— Assignment —
Using only the entries below, copy exactly the lines that begin at the one with "View from Hidden" and end at the one with "SAFELipoHD® Case 76", both included. Drop the pictures.

— Stored data —

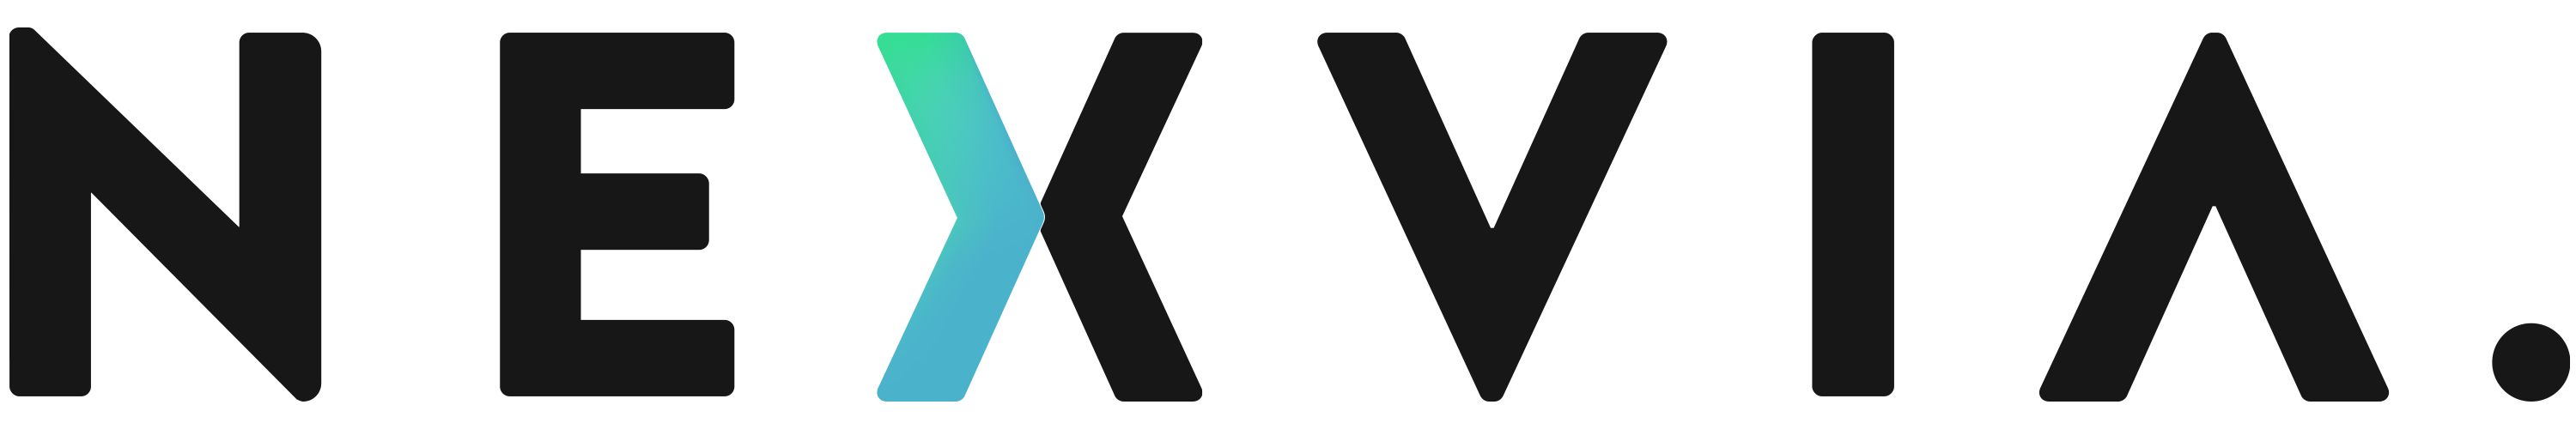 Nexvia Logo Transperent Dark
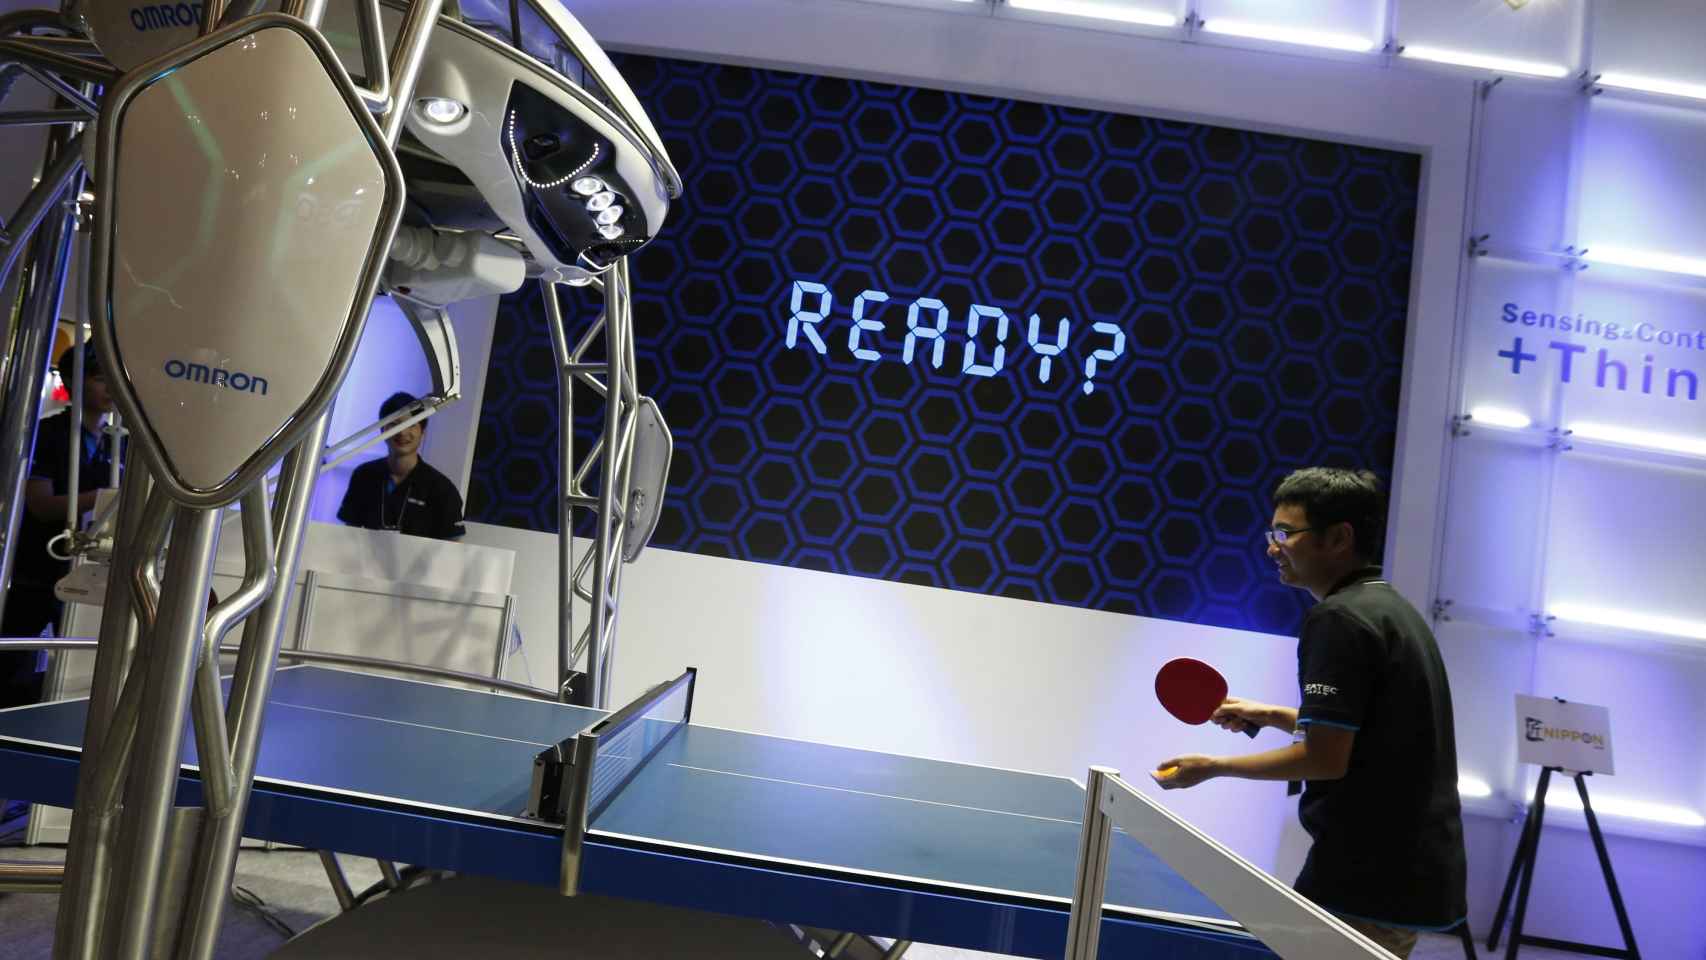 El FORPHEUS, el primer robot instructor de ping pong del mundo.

==

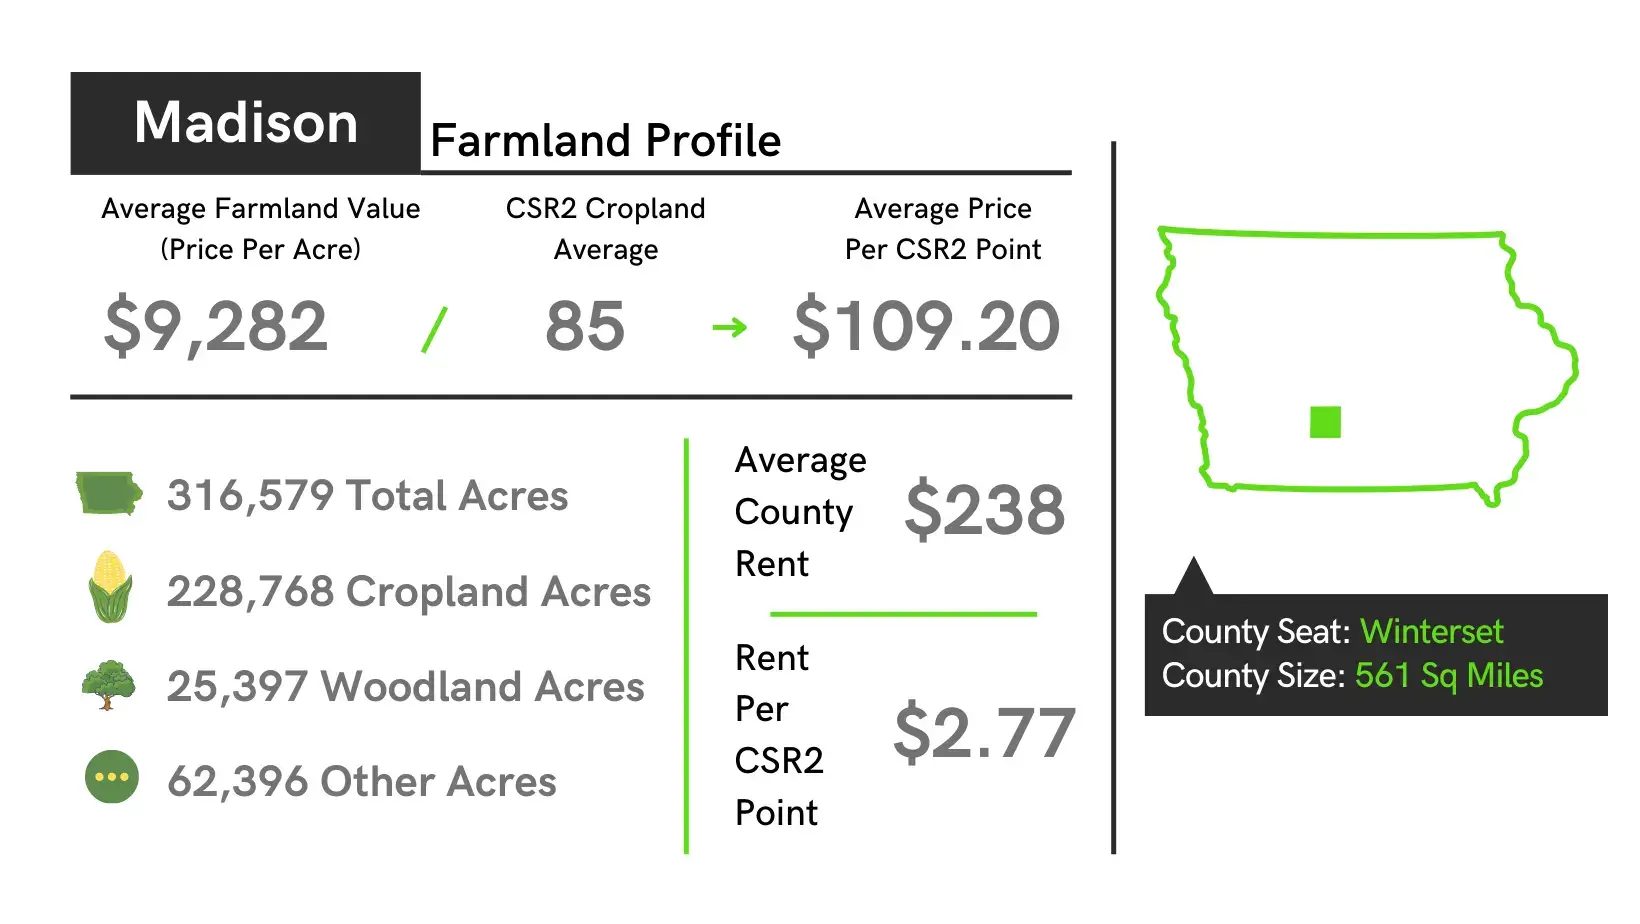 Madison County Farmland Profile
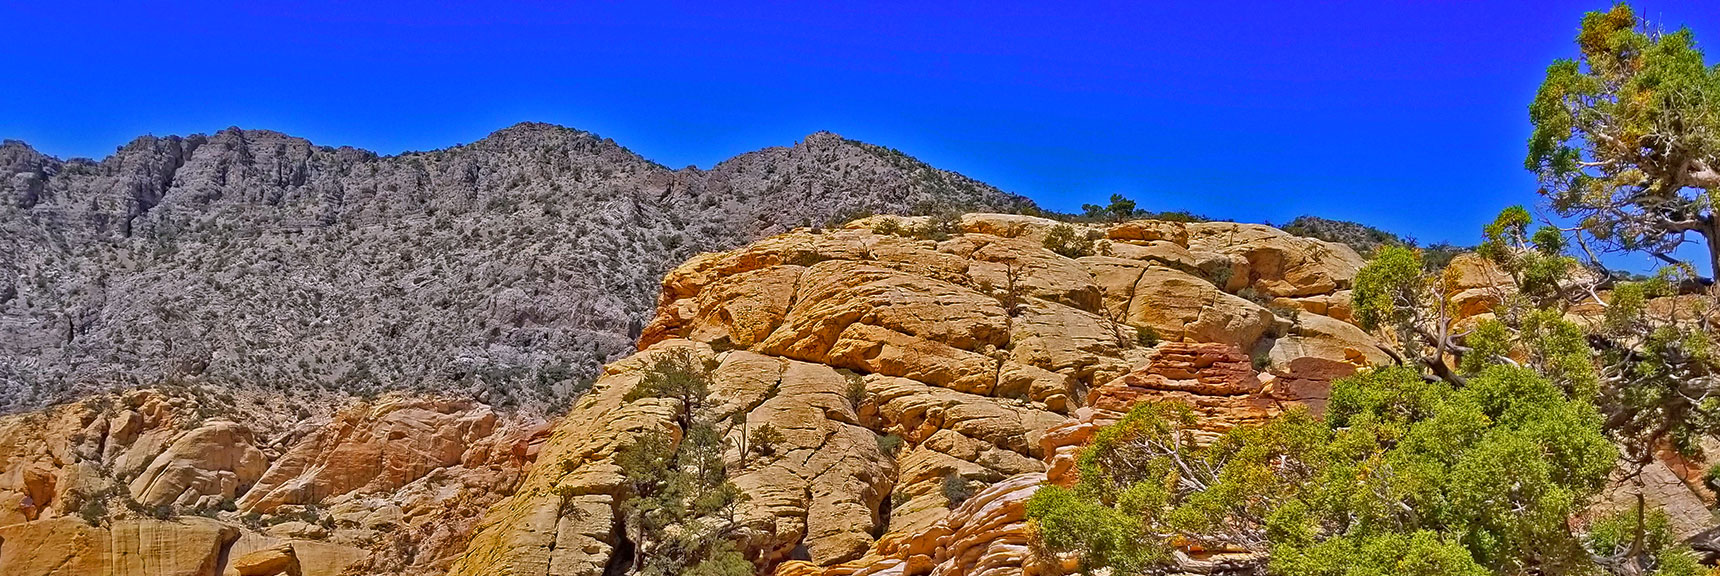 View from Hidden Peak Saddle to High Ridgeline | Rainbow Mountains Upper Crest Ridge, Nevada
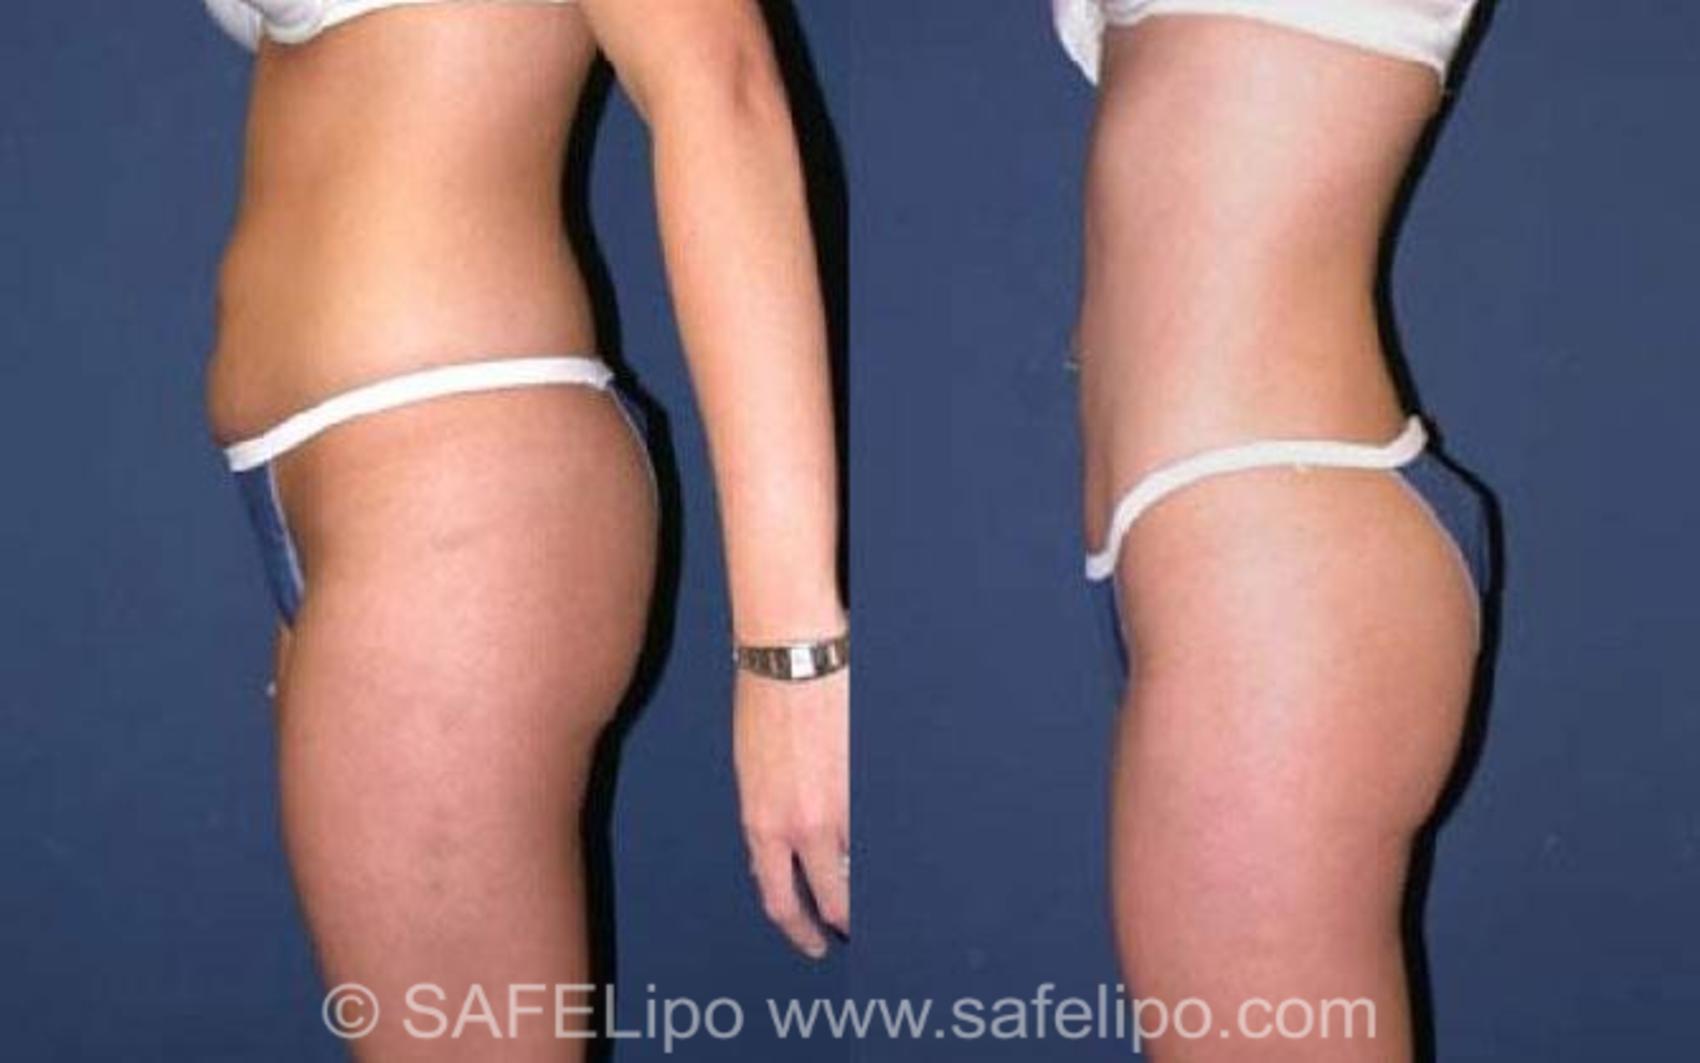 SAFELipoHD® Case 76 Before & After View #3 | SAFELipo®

* * *

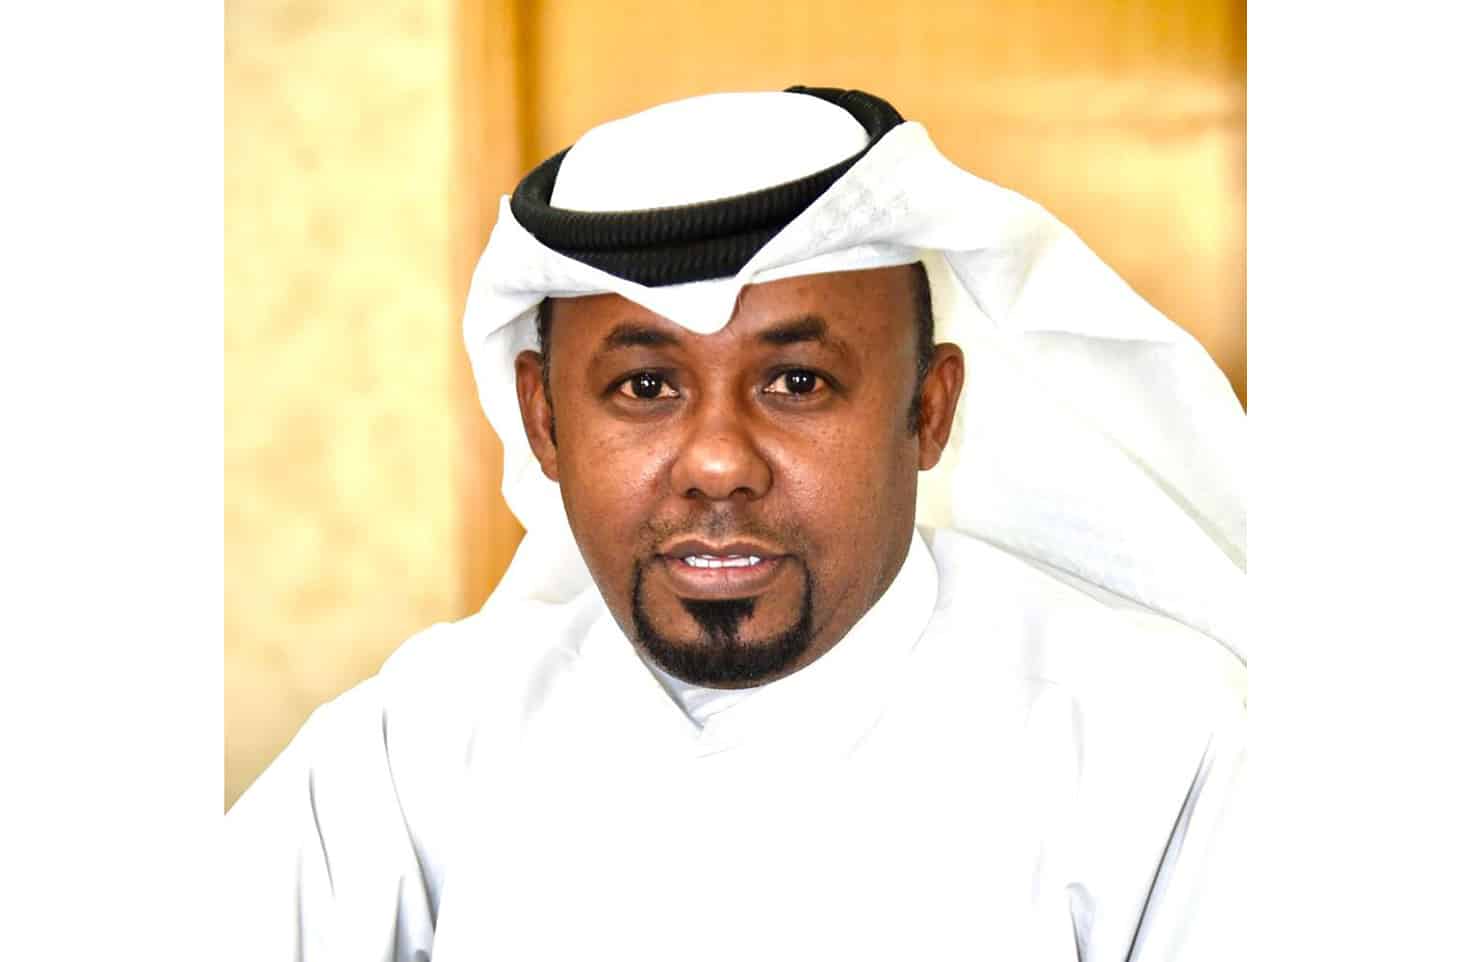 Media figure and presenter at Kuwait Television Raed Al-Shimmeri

— Result —
 View from Hidden Peak Saddle to High Ridgeline | Rainbow Mountains Upper Crest Ridge, Nevada
 SAFELipoHD® Case 76 Before & After View #3 | SAFELipo®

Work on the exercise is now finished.